Ms Judith A. Gordon: Absolutely, that's exactly the problem or the question you pose, is exactly the problem that arises when any program that was formally closed is now open and we tend to calculate what would happen.
Now, obviously, if any alien knew that by his mere presence in the state, either as an immigrant or possibly as a non-immigrant, he could get aid to education, well, presumably he would want to come here.
Unknown Speaker: Do you say, our government is paralytic to keep the aliens from coming?
Ms Judith A. Gordon: Do I think the government is paralytic to keep the aliens from coming?
You mean the State government or the Federal government.
Unknown Speaker: Federal government.
Ms Judith A. Gordon: Of course not Your Honor, of course not.
Unknown Speaker: So, I don't understand about this great inflow, if we could stop that easily.
Ms Judith A. Gordon: Well, I don't how whether they could stop me from whether or would it even be realistic to assume Your Honor that they could stop him from settling in New York state, once they were admitted to the United Sates, However I should point.
Unknown Speaker: What about United State citizens who are say, native Californians, who come to New York and stay there temporarily, are they eligible?
Ms Judith A. Gordon: There is a durational residence requirement for TAP awards and for college scholarships, Your Honor.
Unknown Speaker: Would the influx problem be any different for worrying about people coming from California than from France?
Ms Judith A. Gordon: Well, I think there would be different at least to this extent Your Honor, California the example, you took happens to have one of the most major public university systems in the United States and probably has a durational residence requirement incident to a system which could be met by an individual going from New York within a fairly brief period of time to California.
Now the same, the same principle, I don't think?
Unknown Speaker: Well let's assume there is a state, are there are any states that have less desirable programs than New York does?
Ms Judith A. Gordon: I believe so Your Honor.
Unknown Speaker: Let me take such a state for my hypothetical example.
Ms Judith A. Gordon: Pardon me Your Honor.
Unknown Speaker: Then take such a state, would your influx problem be any different for people who live in such a state as compared to people who live in a foreign country with a less desirable program.
I suppose it's probably a greater possibility they come from neighboring states, than they come to know about it, one thing or another.
We are just worrying about the influx problem.

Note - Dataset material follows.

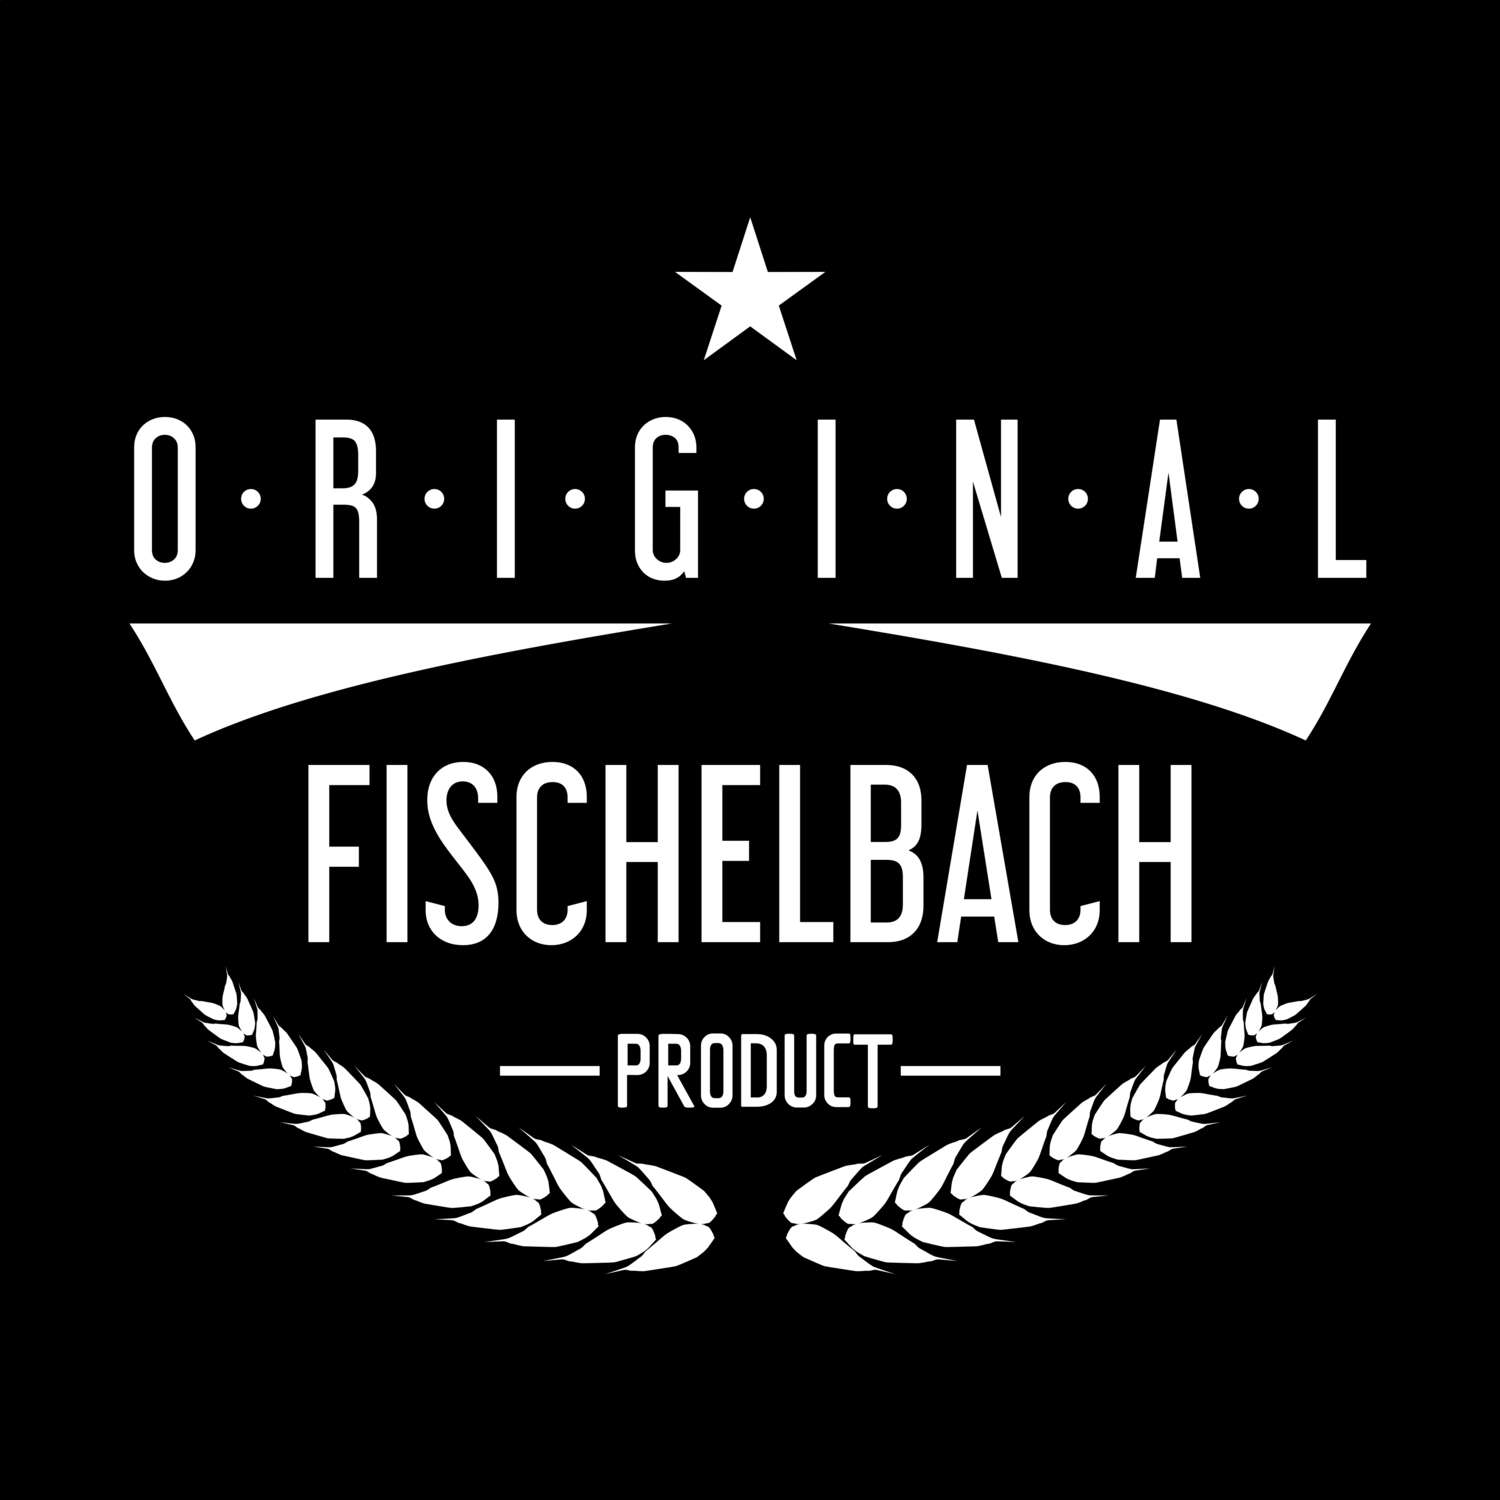 Fischelbach T-Shirt »Original Product«

Ms Judith A. Gordon: Yeah, well, I think it's obvious Your Honor, that New York, California and indeed there are many states in the union which offer enhanced benefit programs and possibly for that reason have been a population centers in the United States within, in other words, they have attracted people to the United States, certainly that was too historically in terms of the North being more attracted to some individuals than the South.
However, I think there are couple of points that need to be emphasized.
First of all, with respect to Canada for example, Canada states very plainly in its information offered through its consulate that it provides no grants-in-aid of any kind to undergraduate students.
Now, I do not have the law nor although I do have its booklet now.
Obviously, appellee Rabinovitch is getting in the United States, what the American student who went to his homeland could not get in Canada.
Now the situation, we attempted to check out the situation with France Your Honor, but the information was frankly not available to us.
Unknown Speaker: Miss Gordon, what would you regard as the primary purpose of the statute, I think, I have sensed a few that you have in remarks, but tell me what do you think are the primary purpose of the statute?
Ms Judith A. Gordon: Your Honor, the statute operates in terms of its purposes and in our view, in a very close nexus with the type of classification that's involved.
Now we have indicated, we have argued and we believe that the legislative history directly supports this, that the statute has a specific purpose in enhancing the educational level of the individuals in New York State who are willing to become identified with that state, namely those individuals who undertake the responsibilities of citizenship.
Unknown Speaker: Isn't that a federal concern rather than a state concern, number one and number two how do you defeat what Mr. Justice Stevens has been talking about, of having a great influx from other states, you can say New Jersey and Connecticut if you want rather than go away across the country, who might think they can get a better deal in New York, and we're willing to be there for few years.
Now, how do you defeat that, you admit them to your program, don't you?
Putting another way, isn't this the same argument that was made here in In re Griffiths and all the other alien cases.
Ms Judith A. Gordon: To take the last point first, no Your Honor.
First of all the influx problem, I think we should proceed it this way.
The statute, the classification involved does ask the alien to declare his intent to become a citizen or to apply for it, that is some evidence of his willingness to stay in New York.
The interstate resident who comes into New York to live and needs the durational residence requirement is already a citizen Your Honor.
He is fully eligible, by virtue of his birth and naturalization and his prior place of abode to participate.
Unknown Speaker: But precisely, that's my point you see.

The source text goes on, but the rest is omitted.